Among them, T represents the method type, and Ntk represents the frame number of the k-th phoneme in the t-th type;

The formulas for and u _k are as follows:

After normalizing the obtained PF value, the F-ratio contribution rate PFC (Phoneme F-ratio Contribution) of the phoneme on the lth filter band can be obtained, and its calculation formula is as follows:

Among them, L is the number of uniform subband filters; the calculated PFC can reflect the frequency distribution of the information used to identify fraudulent speech in different phonemes, and then the PFC of each phoneme is weighted and averaged according to its frame number to obtain The overall F-ratio value GF (General F-ratio), its calculation formula is as follows:

Where P is the total number of all phonemes, N is the total number of frames of all phonemes, and the calculation formula of N is as follows:

The calculated GF is then normalized to obtain the PESSDID (Phoneme Effect Suppressed Spoof Detection Information Distribution) that suppresses the influence of the phoneme. The calculation formula is as follows:

Here, the higher the value of PESSDID of filter 1, the more information on the frequency band of the filter that can be used to identify fraudulent attacks.

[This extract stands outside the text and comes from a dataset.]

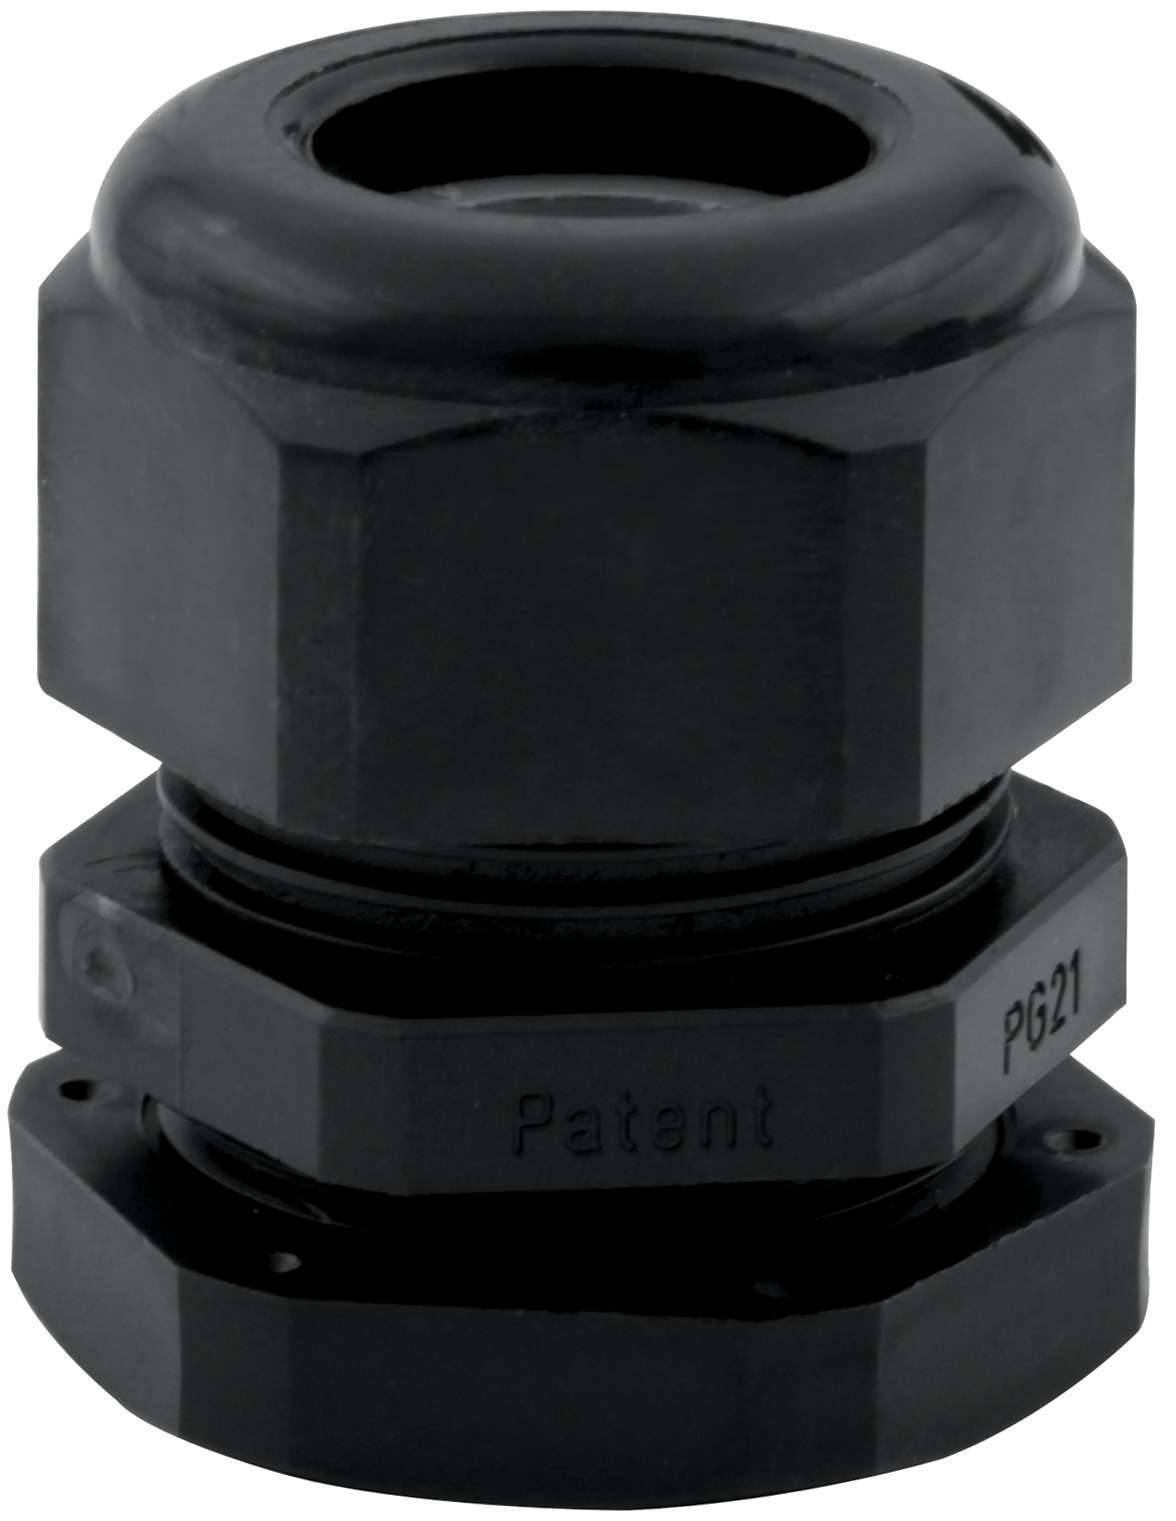 QuickCar 57-820 Firewall Grommet, 4-2 Gauge Wire, 5/8 in ID, Plastic, Black, Each

4. the synthetic speech detection method that suppresses the influence of phoneme based on phoneme-level analysis as claimed in claim 2, it is characterized in that, step 3, in the extraction feature step: except the difference of filter distribution, the process of other feature extraction comprises: using The steps before the filter include pre-emphasis, framing and windowing, and then through short-time Fourier transformation, the spectral characteristics of each frame are obtained, and then the spectral characteristics are processed by the filter, and then subjected to DCT transformation after processing to obtain final feature.